Analysis of calcium channels in single spines using optical fluctuation analysis

Abstract

Most synapses form on small, specialized postsynaptic structures known as dendritic spines¹. The influx of Ca²⁺ ions into such spines—through synaptic receptors and voltage-sensitive Ca²⁺ channels (VSCCs)—triggers diverse processes that underlie synaptic plasticity². Using two-photon laser scanning microscopy³, we imaged action-potential-induced transient changes in Ca²⁺ concentration in spines and dendrites of CA1 pyramidal neurons in rat hippocampal slices⁴. Through analysis of the large trial-to-trial fluctuations in these transients, we have determined the number and properties of VSCCs in single spines. Here we report that each spine contains 1–20 VSCCs, and that this number increases with spine volume.

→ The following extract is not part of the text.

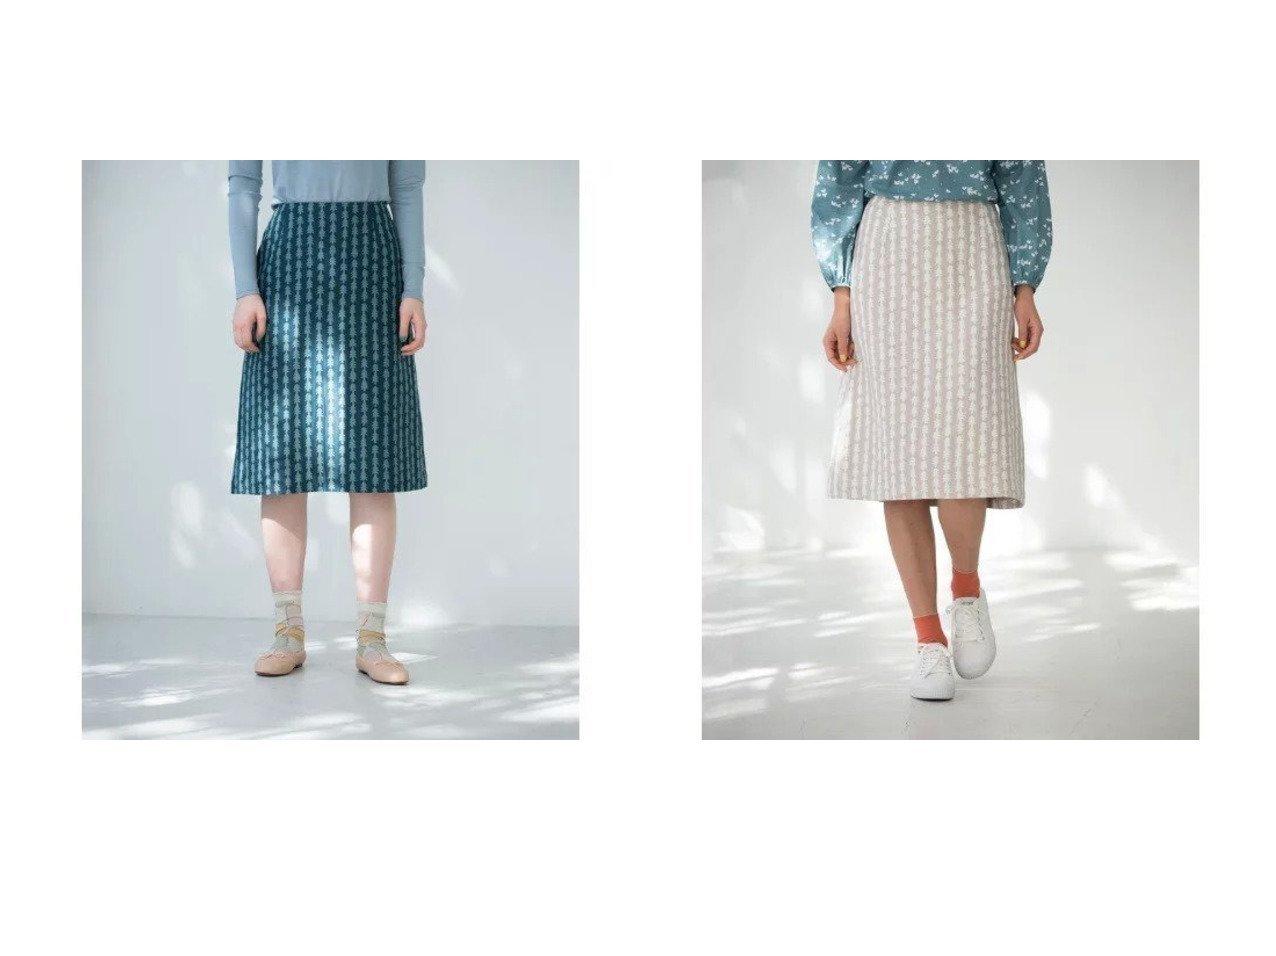 【Sally Scott/サリースコット】のスカート Sally Scottのおすすめ!人気、トレンド・レディースファッションの通販  おすすめで人気の流行・トレンド、ファッションの通販商品 メンズファッション・キッズファッション・インテリア・家具・レディースファッション・服の通販 founy(ファニー) https://founy.com/ ファッション Fashion レディースファッション WOMEN スカート Skirt 春 Spring キュプラ ストライプ 手描き フォルム ポケット モチーフ |ID:crp329100000020198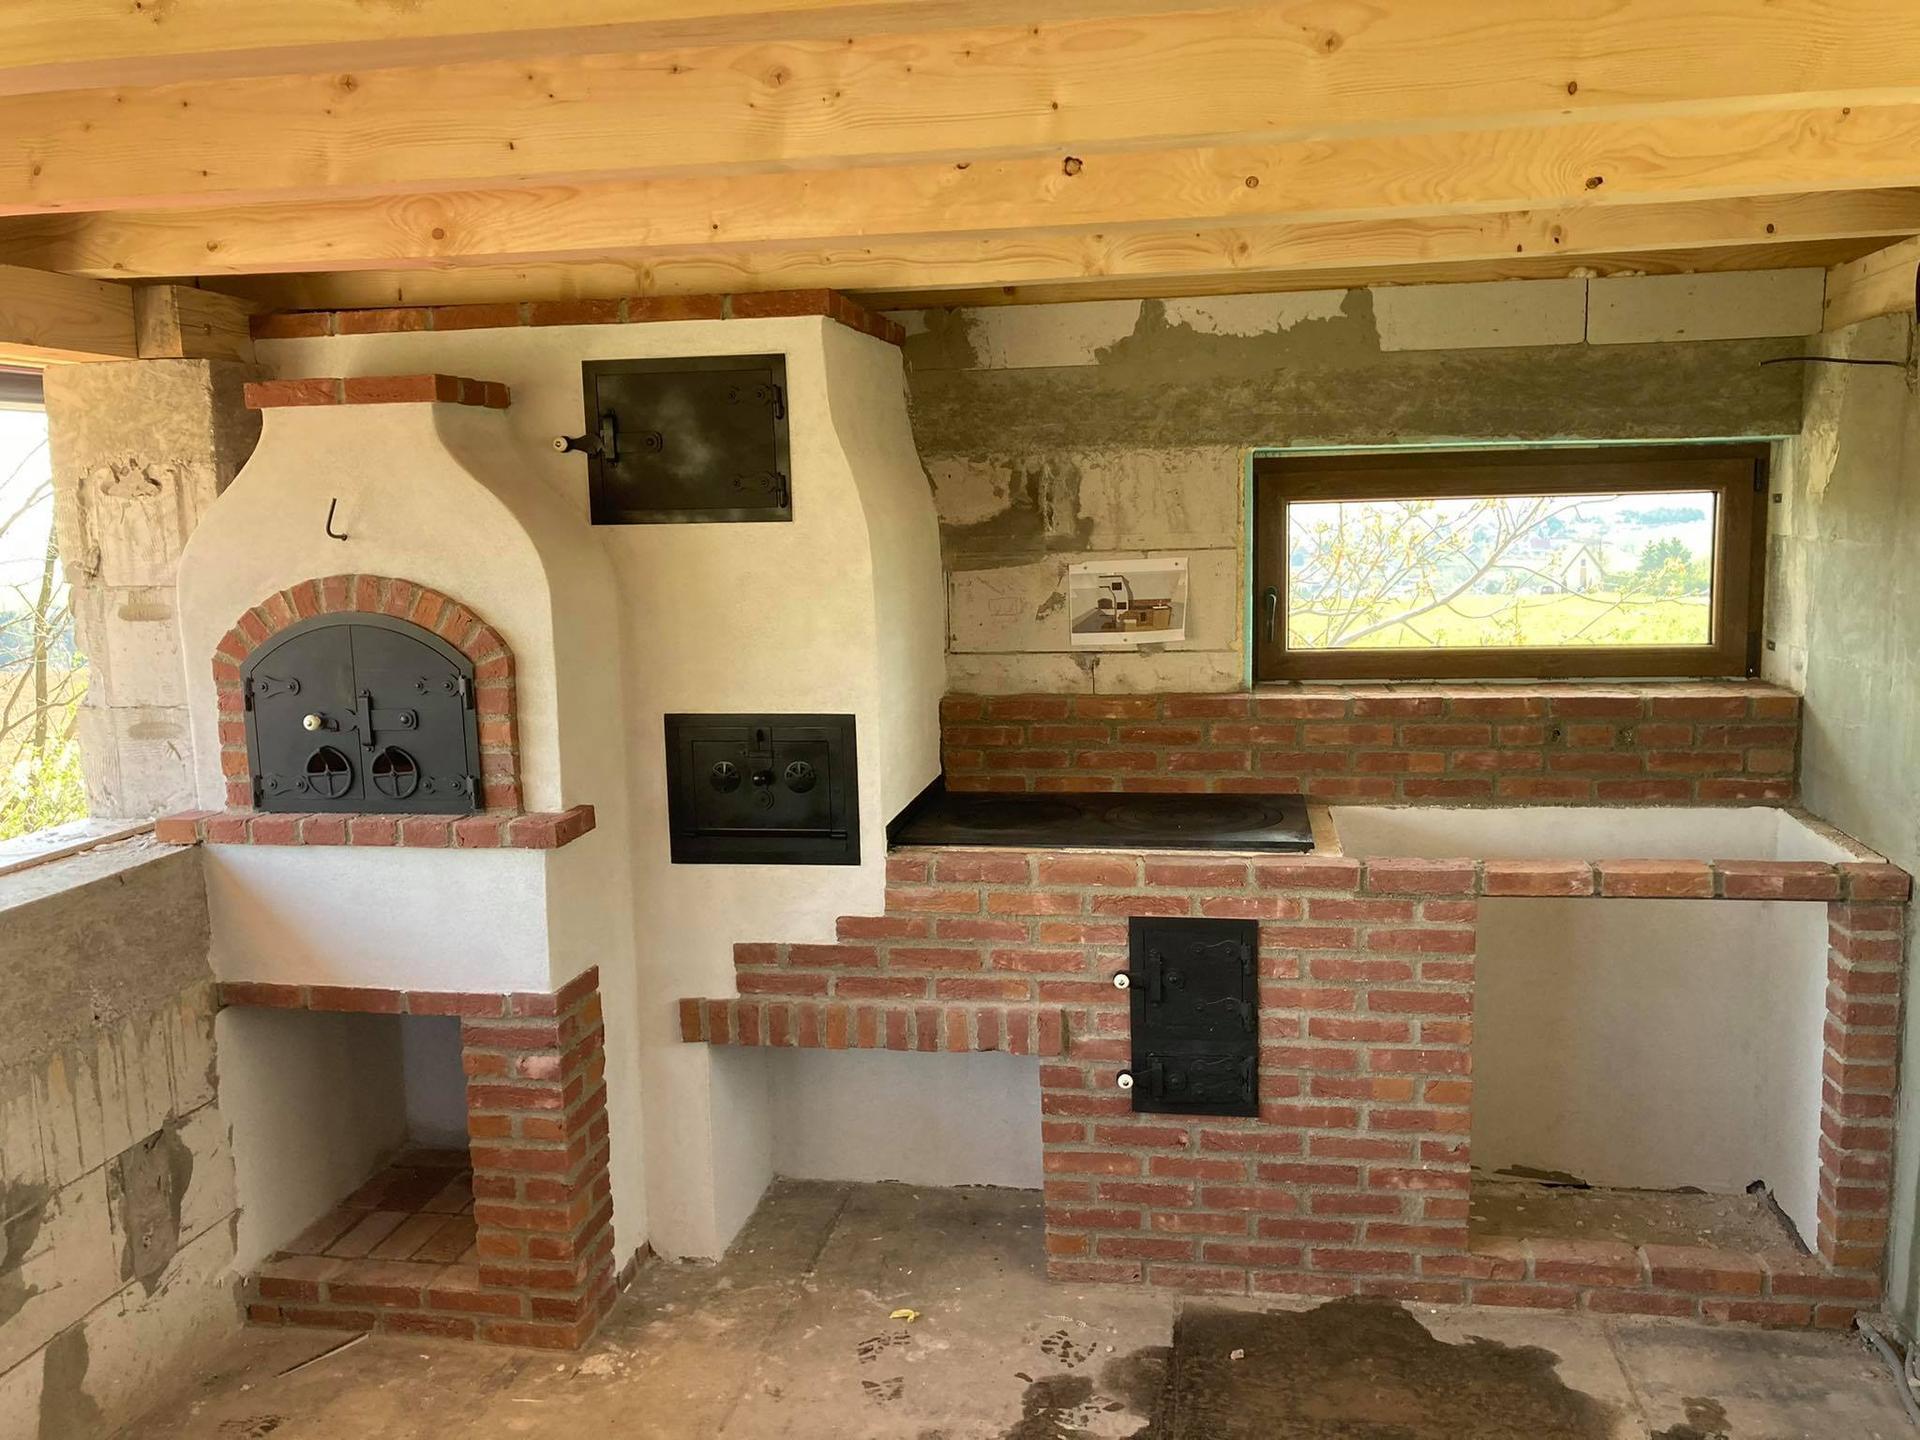 Záhradná kuchyňa pod Zoborom - Obrázok č. 2

We are able to detect the opening of a single VSCC on a spine. In spines located on the proximal dendritic tree, VSCCs normally open with high probability (∼0.5) following dendritic action potentials. Activation of GABA_B receptors reduced this probability in apical spines to ∼0.3 but had no effect on VSCCs in dendrites or basal spines. Our studies show that the spatial distribution of VSCC subtypes and their modulatory potential is regulated with submicrometre precision.